Neurons to Nirvana filmmaker returns with two very unconventional works

Amanda Feilding and her pet pigeon.

Oliver Hockenhull’s From Neurons to Nirvana received quite a bit of attention in underground film circles. Now the Vancouver filmmaker is back with two films, one of which is about a pioneering drug reformer who also happens to be descended from British aristocracy and who once drilled a hole in her own head.

I Am My Own Laboratory is an experimental documentary about Amanda Feilding, Countess of Wemyss and March and amateur trepanner. The other film, Shot On Blood: Kozmikomic Electronica is even more experimental. Both expand upon the themes and ideas of From Neurons to Nirvana, and Vancity Theatre (1181 Seymour St.) is screening them on Jan. 28. The screening will include a Q-and-A with Hockenhull. See below for more info on the two films.

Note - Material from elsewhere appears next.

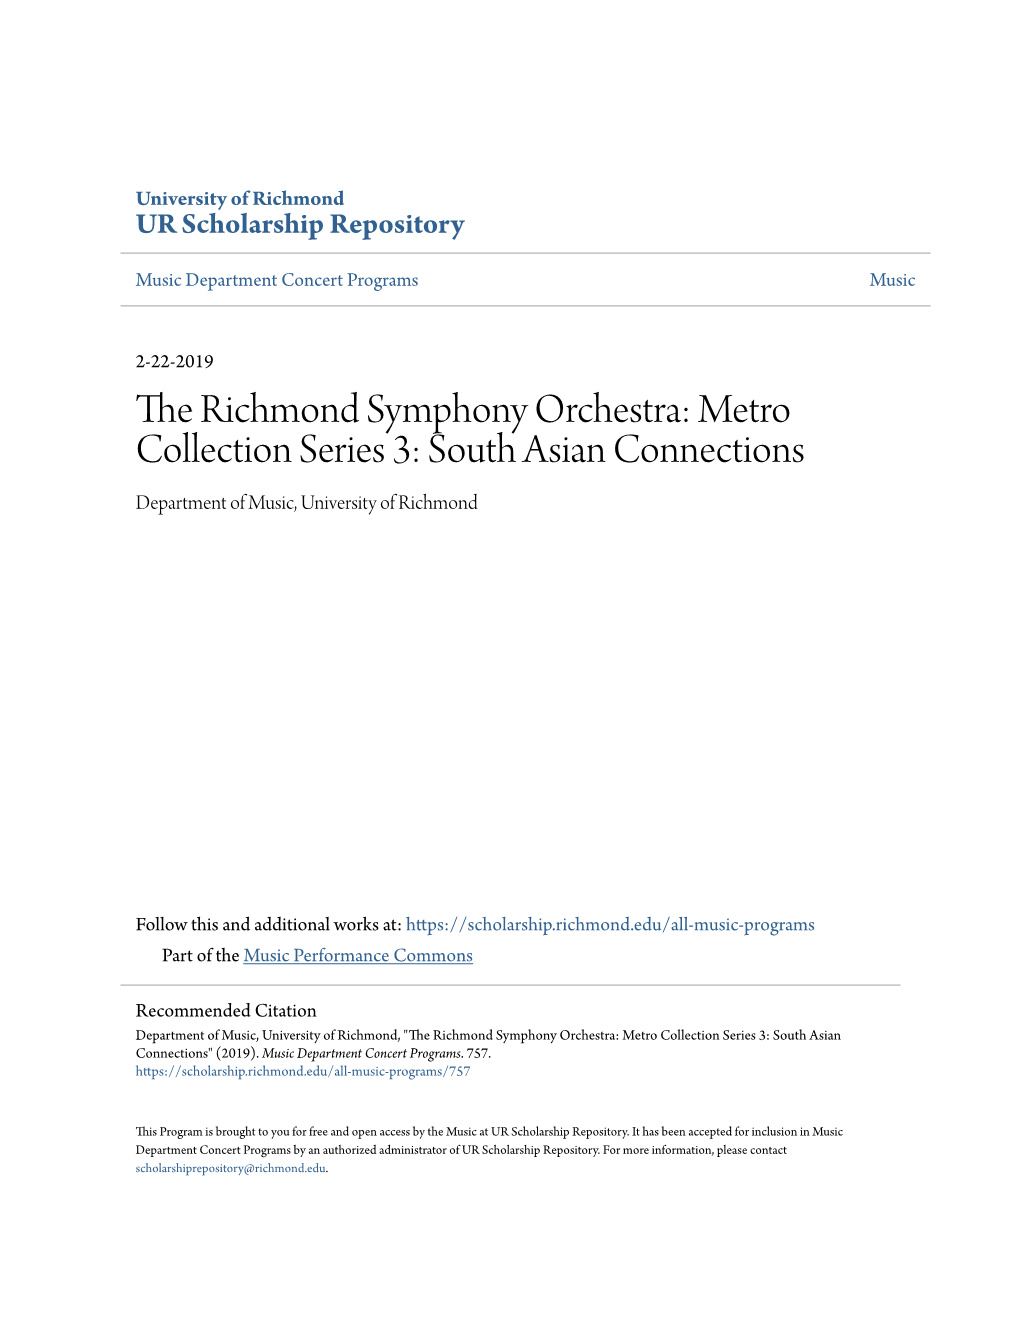 The Richmond Symphony Orchestra: Metro Collection Series 3: South Asian Connections Department of Music, University of Richmond

I Am My Own Laboratory (2017)—Trepanation is the act of drilling a hole in the skull. Meet Amanda Feilding, Countess of Wemyss and March, who in 1970 trepanned herself in the hopes of increasing what she calls “‘cranial compliance,’ that alleviating the pressure in her skull would allow the heart to pump more blood to her brain, thereby giving her a new feeling of buoyancy,” in the words of Christopher Turner in Cabinet Magazine. (Feilding made a film about the experience called Heartbeat in the Brain. At a 1978 screening in a New York art gallery, a reviewer reported that at the climax of the operation several members of the audience fainted, “dropping off their seats one by one like ripe plums.”) Hockenhull’s I Am My Own Laboratory includes interviews with Feilding, who is also the founder of a charitable trust that promotes a rational, evidence-based approach to global drug policy policies and initiates.

Oliver Hockenhull filmed half of Shot on Blood: Kozmikomic Electronica the Bell and Howell 2709B, the first precision-made motion picture camera, first modelled in 1912.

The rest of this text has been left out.